Can DBT Work for Teens?

DBT is one of the most powerful kinds of therapy. It is trusted by professionals across the world and is one of the only kinds of therapy that your health insurance company believes in enough to actually pay for. If you have PPO health insurance like United or Aetna, read on because DBT might be available to your child for little or no out-of-pocket cost.

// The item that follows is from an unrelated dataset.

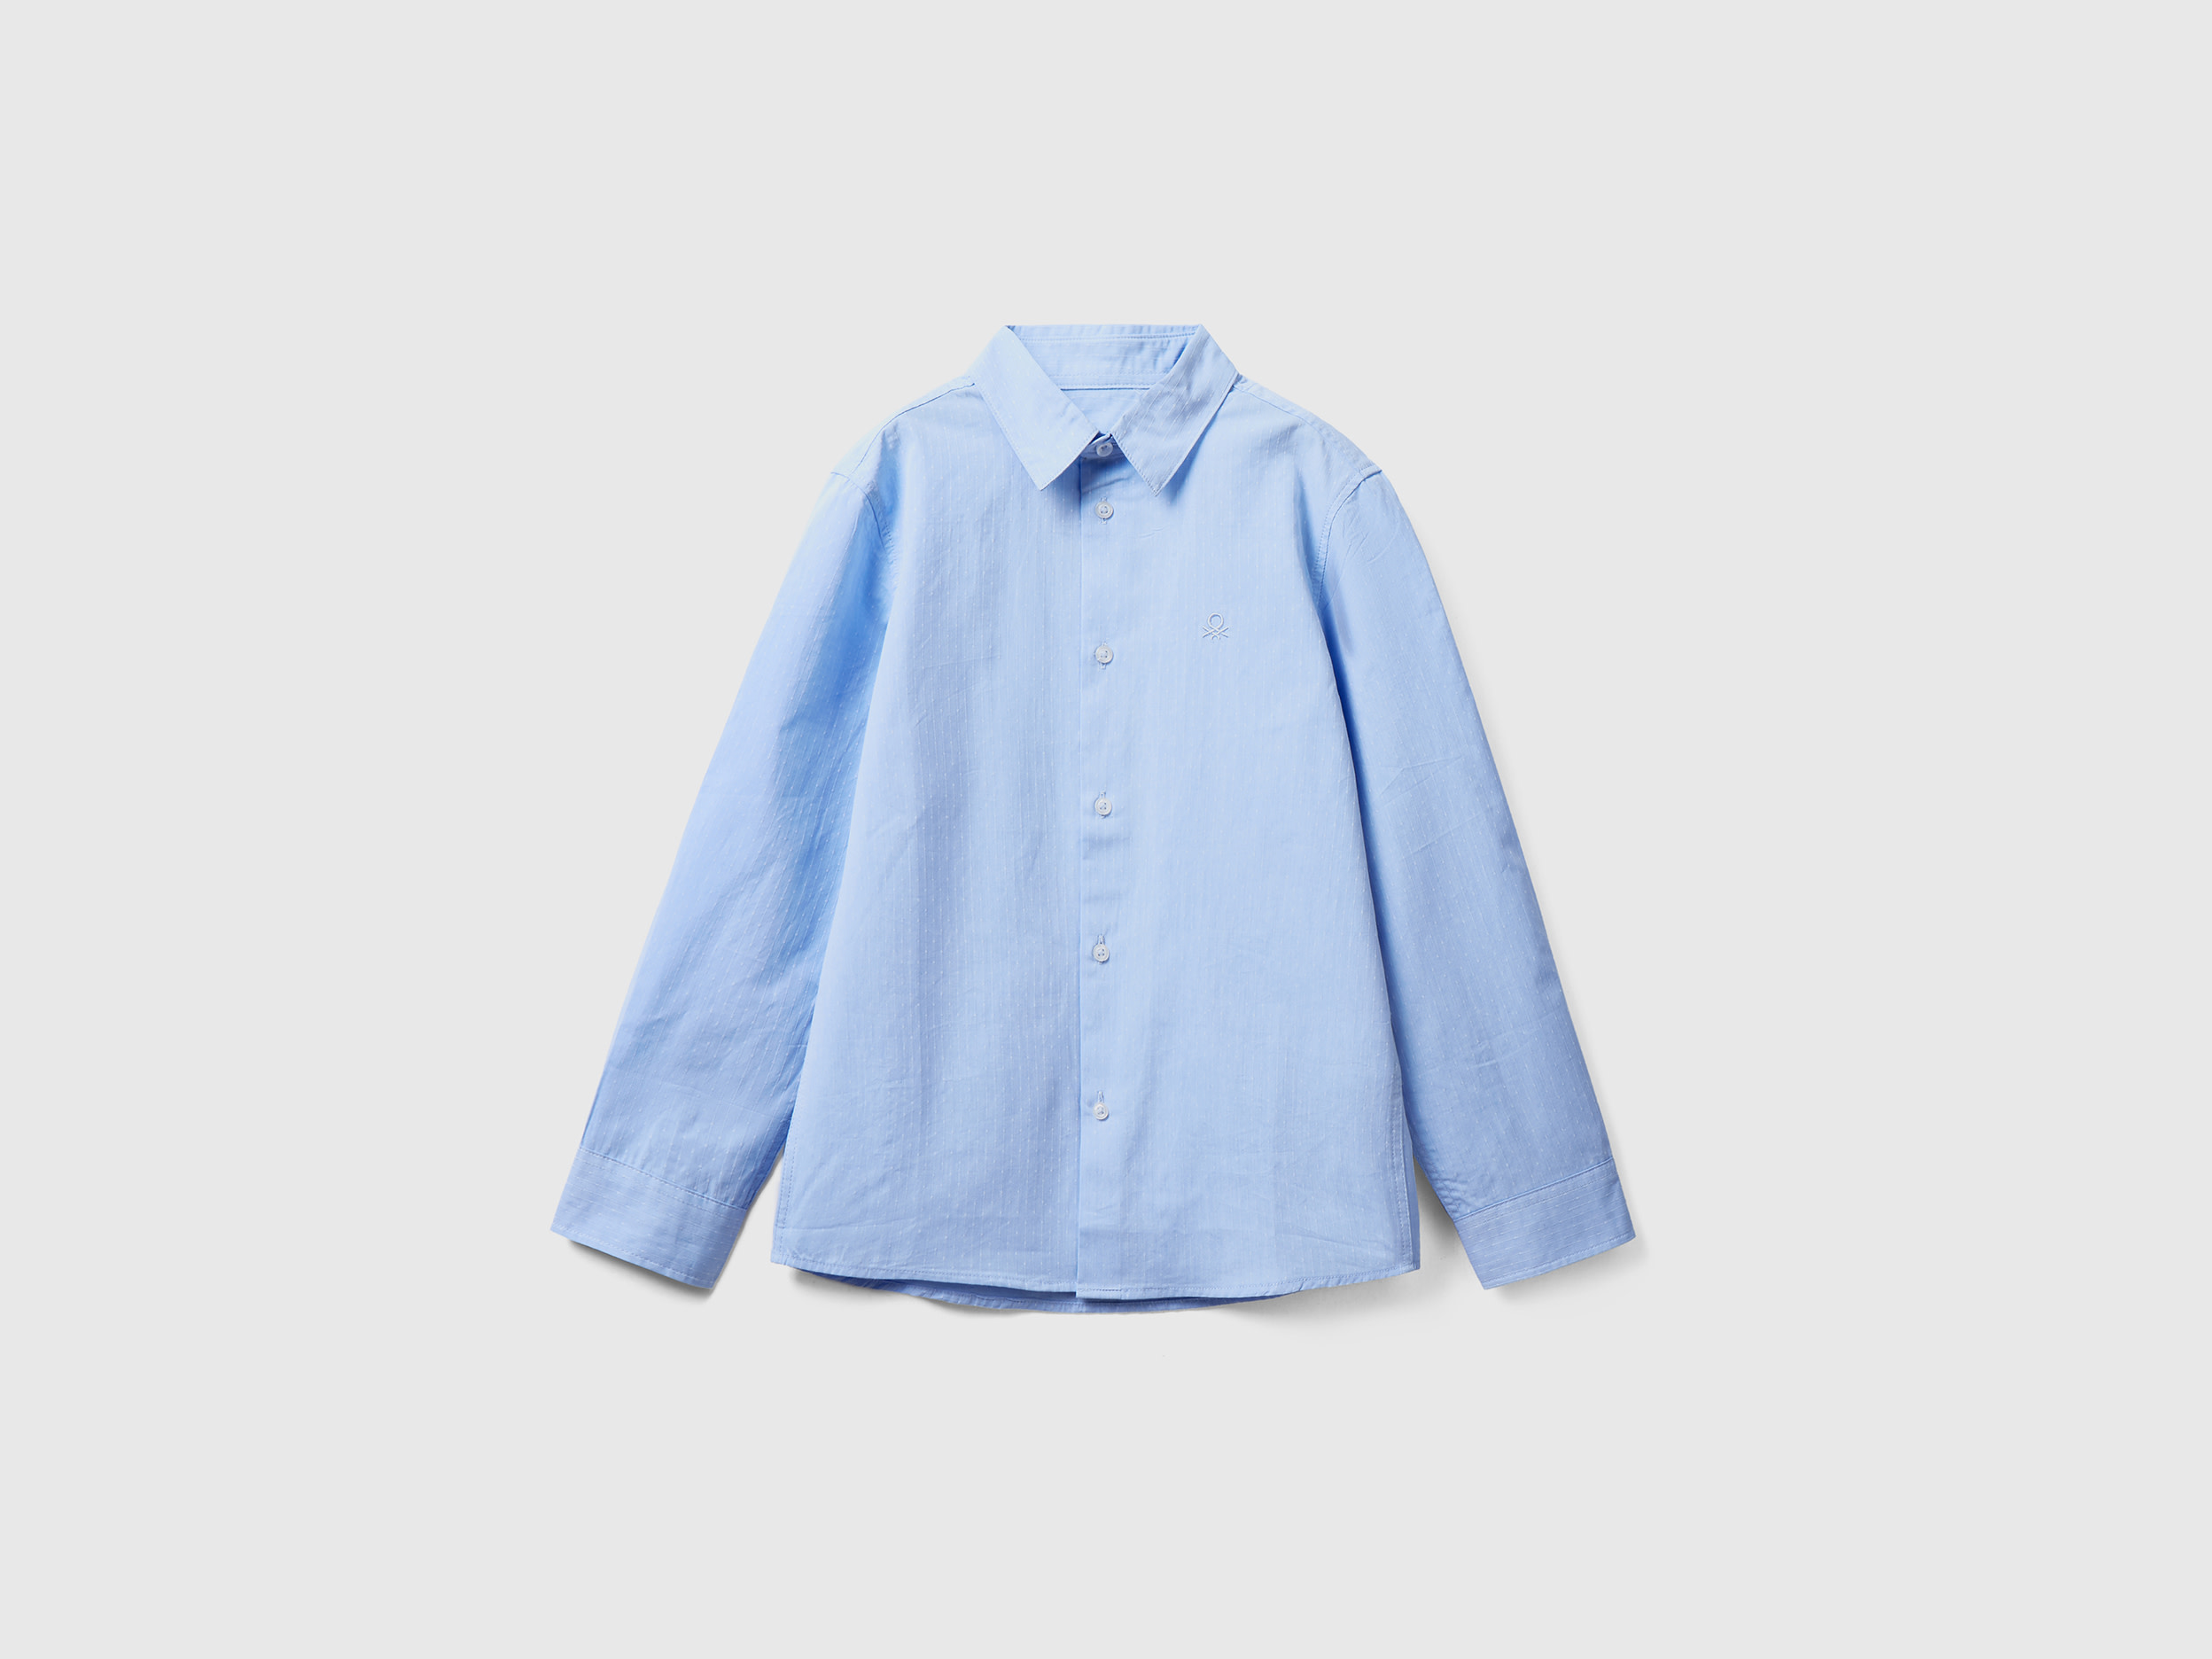 Benetton, Classic Shirt In Pure Cotton, size S, Sky Blue, Kids

  • DBT stands for Dialectical Behavior Therapy.
  • It is designed to help people with mental health issues like Borderline Personality Disorder, eating disorders, self-harm tendencies and other forms of intense emotional distress.
  • DBT has been shown to be effective in reducing suicidal ideation that affects about 30% of the population who have a diagnosis on the borderline.
  • How does it work? DBT is a comprehensive form of therapy that has been proven to be one of the most effective in treating borderline personality disorder. It teaches skills for regulating emotions, managing intense feelings, and developing healthy relationships.
  • DBT was first developed by Dr. Marsha Linehan in the late 1980s as a result of years spent studying patients with borderline personality disorder or BPD, which is characterized by intense and unstable relationships, self-harm behavior, emotional instability and impulsivity.
  • The treatment involves skills training groups to teach these tools and individual psychotherapy sessions for more nuanced work. Group therapy plus individual therapy lead to better results when used together. That’s why we do both here at OC Teen Center in Costa Mesa.
  • In DBT, people are taught skills that help them when they have overwhelming feelings. It teaches skills for regulating emotions, managing intense feelings, and developing healthy relationships.
  • DBT studies show that people can learn these skills and that it improves people’s mental health.
  • DBT also teaches a person how to identify the situations where he or she might act impulsively, such as getting into an argument with someone else who disagrees with them.

When you are in a bad situation, you have many options other than just reacting aggressively to what is happening. For example, you can take a time out and come back later. You can do breathing skills to calm your body down when it is reacting too strongly. These options give the person space to make decisions that are not impulsive or reactive in nature.

Learning these tools has also been shown to decrease suicidal behavior because it decreases the severity of negative emotions.

Another area of research focused on what the long-term effects of DBT are.

It was found that people who attended a DBT skills group for an average of five years were less likely to experience depression, anxiety, or suicidal ideation in comparison with those who did not participate at all. This highlights the importance and effectiveness of long term therapy.

DBT focuses first and foremost on self-acceptance before it aims at changing oneself. This has been proven effective when treating problems such as depression, anxiety, anger management issues, eating disorders, and PTSD.

At OC Teen Center, we have have therapists who are experts in DBT. We treat teens age 12-19, and we are one of the few locations in Orange County that treats eating disorders at the outpatient level of care.